Posted by: KV | November 15, 2006 at 11:35 AM
I think you guys may be overlooking the reality that Jobs and co have put together at Apple: content is king. Rhapsody has a superior model but don't have the content or at least its unknown to the non user. Tivo has an inferior set top box when looked at standard features. They need to adopt the models found in videogames and make a business off of reselling viewing data. For Rhapsody, they need to be installed via a partnership with Microsoft as I coulnd't find Lars,Kirk, James and Jason let alone John and Paul.

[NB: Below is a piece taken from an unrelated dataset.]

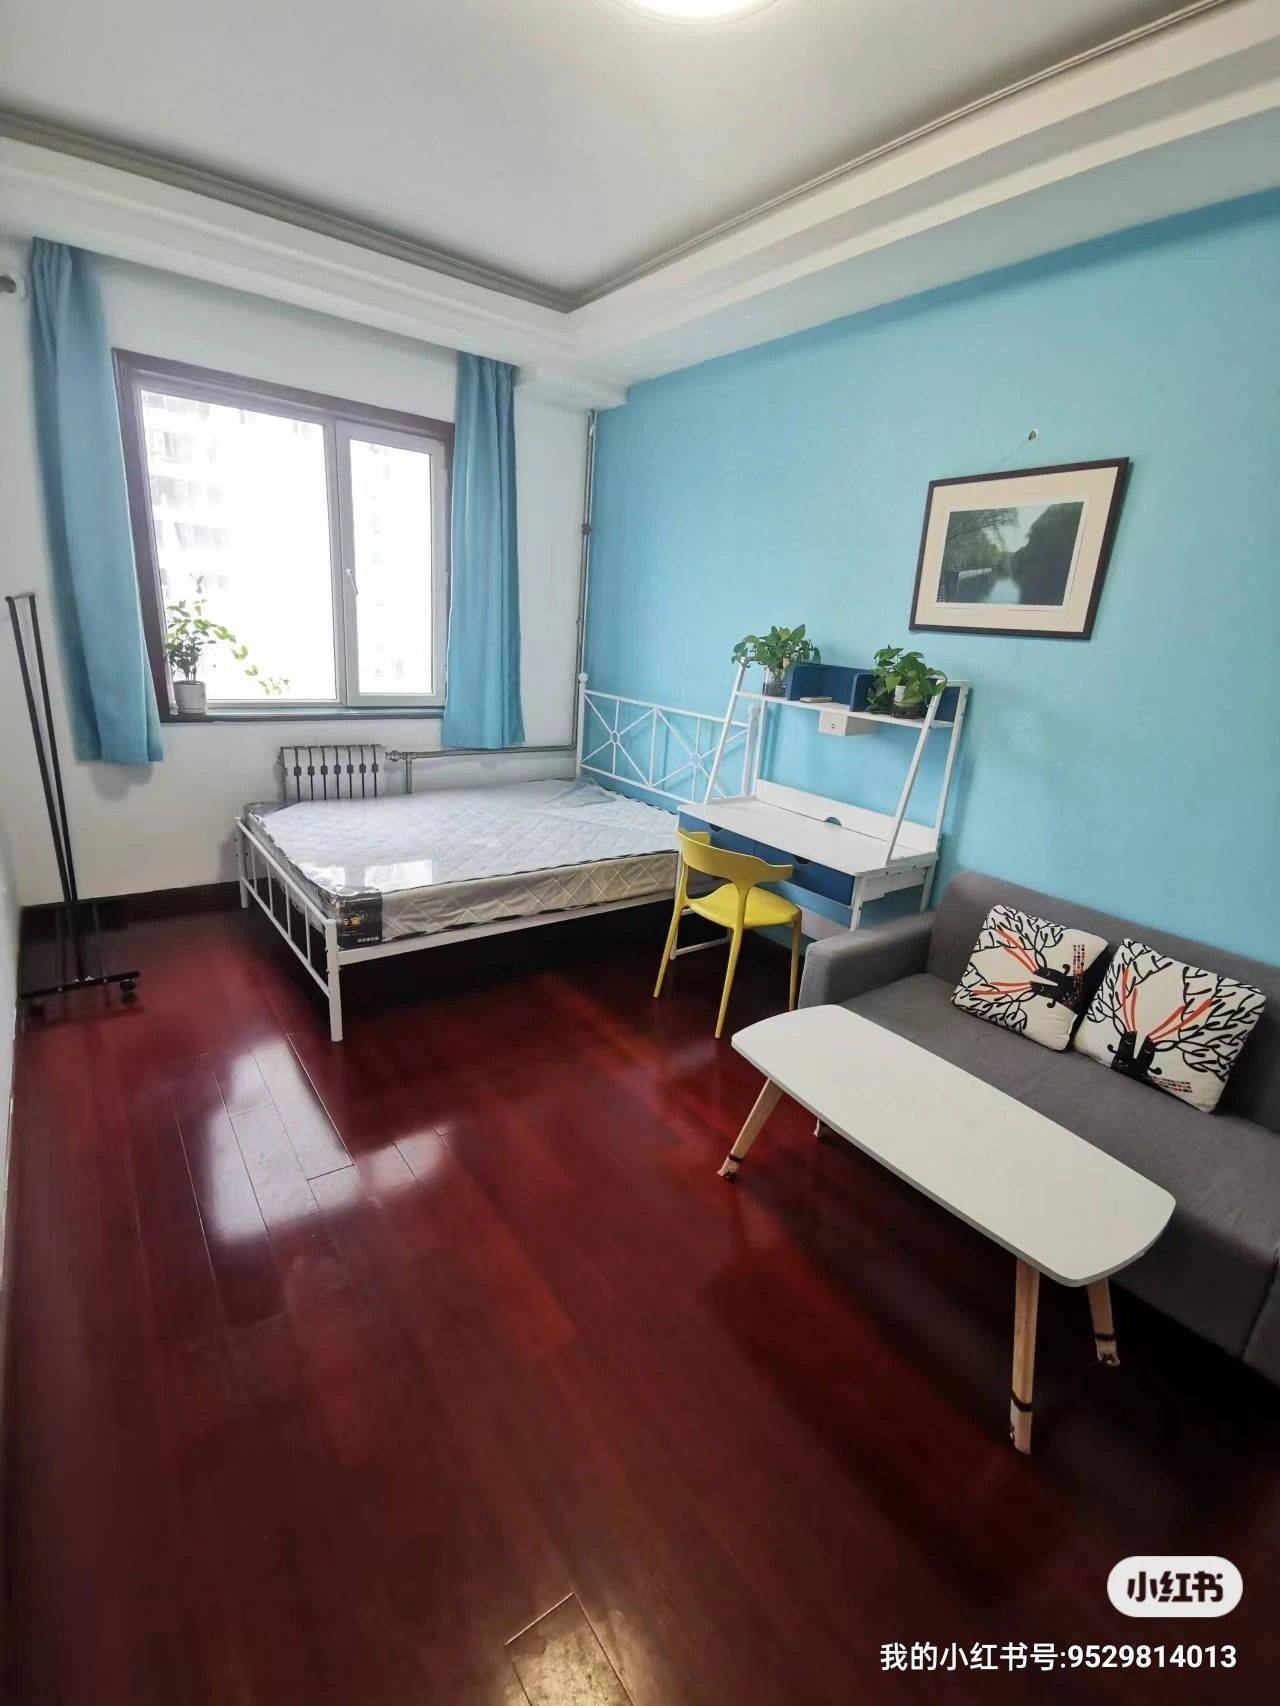 Beijing-Changping-line 8,👯‍♀️,Long & Short Term,Sublet,Replacement,Shared Apartment,LGBTQ Friendly

The new model put into place by microsoft is interesting adn I agree it could potentially allow the 360 to become the hub of the family room. BUT their add on hardware model is pricing the 20gig xbox 360 with additional external dvd drive over the cost of a sony ps3 with a 20 gig or even a 60 gig.
By contrast Sony is the sleeping giant: they have a huge music catalog and movie catalog(aka their own content so rights payouts are waived) and they apply to a bigger demographic than apple has been able to do with Disney(bet youwish you had the Weintsteins now!). The hype about PS3 not being backwards compatible should be seen in the relative eye aka 200 titles/8000 total titles whereby its less than 3% of overall discs out there.
So I'm long SNE, long Nintendo, neutral on TIVO(they need to change their model and include a lifetime subscrption for every new box to get set tops) and short msft once the bugs from vista arrive and their multi tiered model put the kebash on using their products.
Posted by: kip | November 15, 2006 at 01:06 PM
* PC vs Set Top Box is gonna argued for ages, guaranteeing that both will exist for a long time.
* Its the age-old battle between a) flexible & expensive vs simple & low-cost
* I still wish that I bought the Mac Mini for my new TV 2 years ago. But at that time I was told that my Sony TVs HDMI port wasn't compatible with Apples version. Anyways, I saved $cash & I bought the I/O Data Networked DVD player then and have loved it.
* But even if the I/O Data box is awesome, it still is limited in what it can do. It can't do all the stuff that Fred talks about, and that bugs me.
* If I had Mac Mini as my set-top box, I could be using Google video on my TV.
Posted by: iain | November 15, 2006 at 01:51 PM
The set-top box is a PC, and vice versa, albeit with differing user interfaces. The user interface and functionality of each is converging towards the other, with DVRs acting more like a PC (network awareness, ancillary functions like RSS, messaging) and the PC acting more like a DVR (myth, media center, TitanTV, et al).
Posted by: Jim Griffin | November 17, 2006 at 12:11 PM
Hi
We've done quite a bit of work on PC to TV systems, which we call MyPCTV as a project type. Its been fascinating to see how over 2006 thismhas changed from something that gets you laughed out of VC offices to something VC's are blogging about ;)
We blogged about some of our work here on broadstuff and Nic Brisbourne and Ihave been kicking it around awhile too.